Even as the Windows operating-system franchise continues to generate big profits, the cloud gains are crucial as Microsoft battles Inc. and Alphabet Inc.'s Google for a piece of the so-called cloud-infrastructure market that is expected to reach $71.55 billion in 2020, up from $25.29 billion last year, according to market-research firm Gartner Inc.

Revenue from the Redmond, Wash., company's Intelligent Cloud segment, which includes Azure, rose 11% to $6.76 billion. In the Productivity and Business Processes segment, which includes the Office franchise, revenue climbed 22% to $7.96 billion.

Windows revenue from PC makers grew 5%. That is better than the market for world-wide PC shipments as a whole, which inched up 0.6% in the quarter that ended in March, according to International Data Corp.

Still, that scant gain was the first year-over-year quarterly growth IDC has recorded in five years, and it slowed the decline in Microsoft's More Personal Computing segment, which includes Windows as well as Microsoft's mobile-phone and gaming businesses. Sales in that unit slid 7% to $8.8 billion.

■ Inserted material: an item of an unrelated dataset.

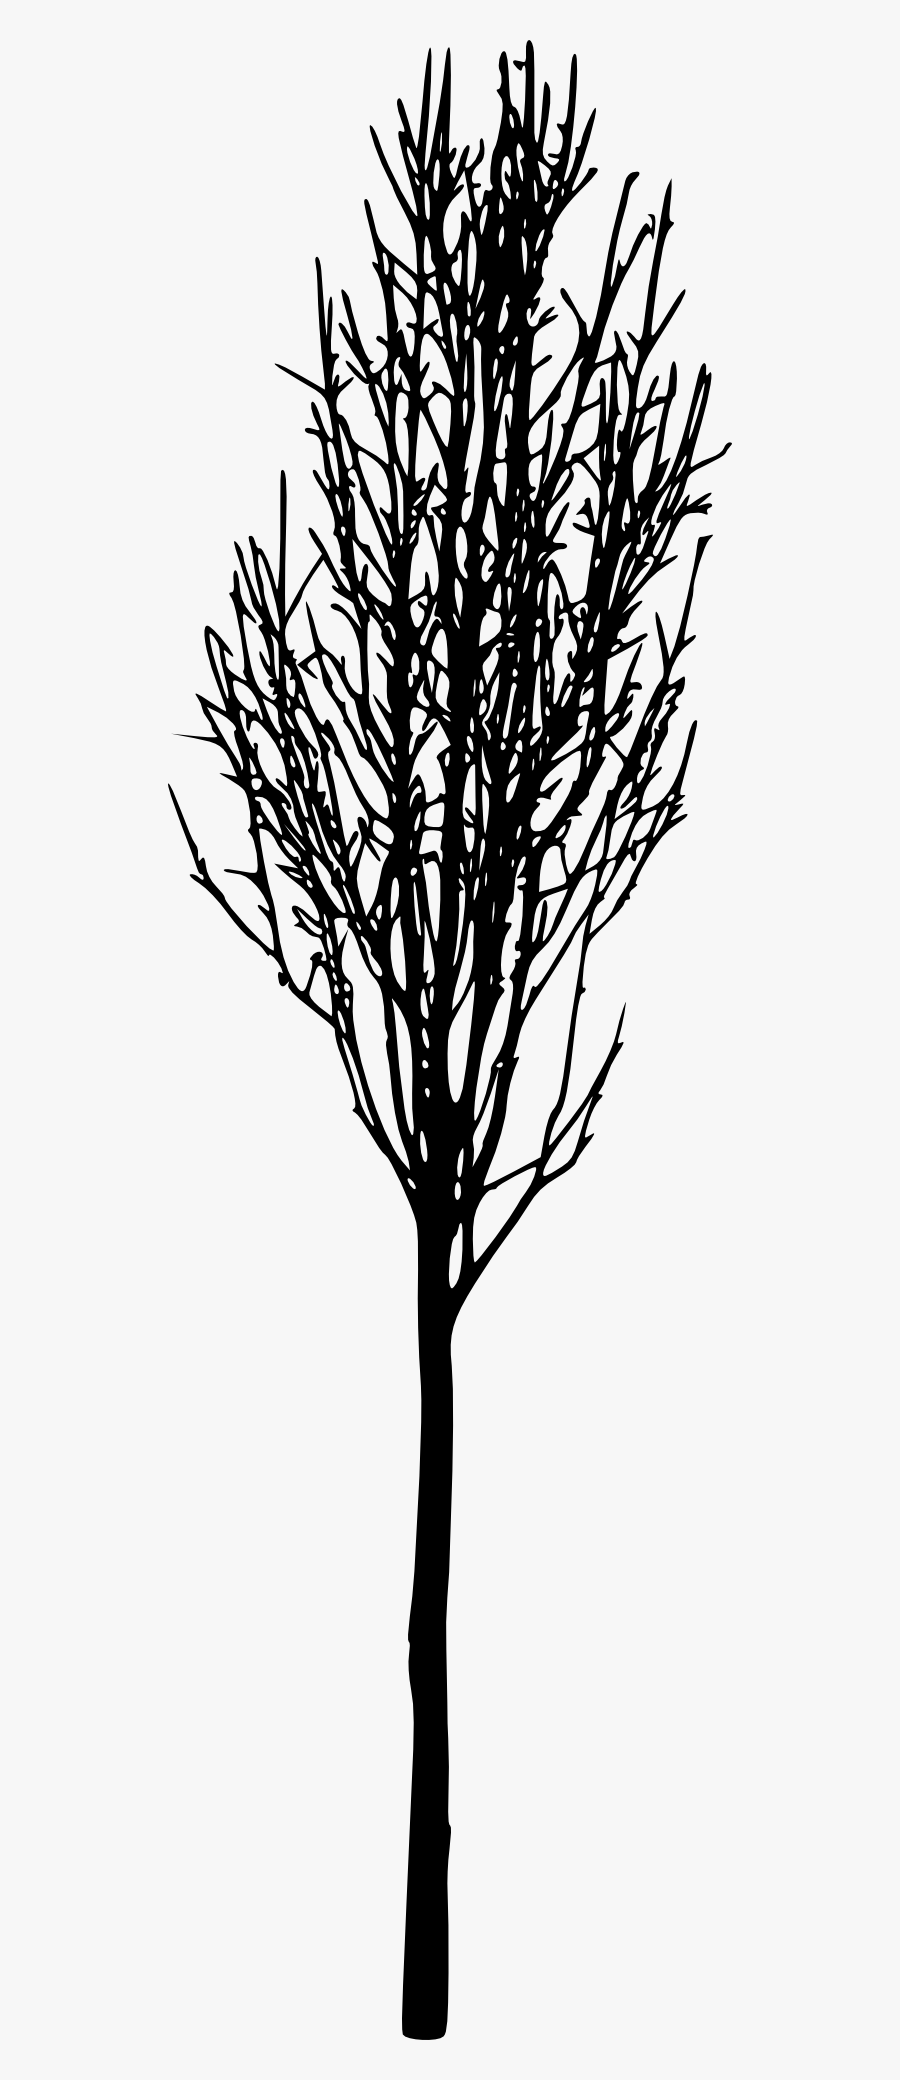 Tree With Roots Silhouette Png - Silhouette, Transparent Clipart

This was the first full quarter in which Microsoft included results from LinkedIn Corp., the professional social network it acquired in December for $27 billion. LinkedIn added $975 million in revenue in the quarter, but Microsoft reported it had a $386 million operating loss. Microsoft acquired LinkedIn, in part, so it can weave data about the network's members into its own offerings. That would allow Microsoft, for example, to provide more insight on potential prospects to sales representatives using its Dynamics software for managing customer relationships.

Revenue from Microsoft's Surface devices fell 26% in the quarter from a year earlier.

Overall, Microsoft posted $4.8 billion in third-quarter net income, or 61 cents a share, compared with a profit of $3.76 billion, or 47 cents a share, a year ago.

Excluding the impact of revenue deferrals and other items, adjusted earnings rose to 73 cents a share. A year earlier, Microsoft reported adjusted earnings of 63 cents a share. Revenue gained 7.6% to $22.1 billion and was $23.56 billion on an adjusted basis.

Shares fell 1.4% to $67.34 in after-hours trading as adjusted per-share earnings beat expectations and revenue fell short of expectations. Analysts surveyed by Thomson Reuters expected Microsoft to report adjusted per-share earnings of 70 cents on $23.62 billion in adjusted revenue.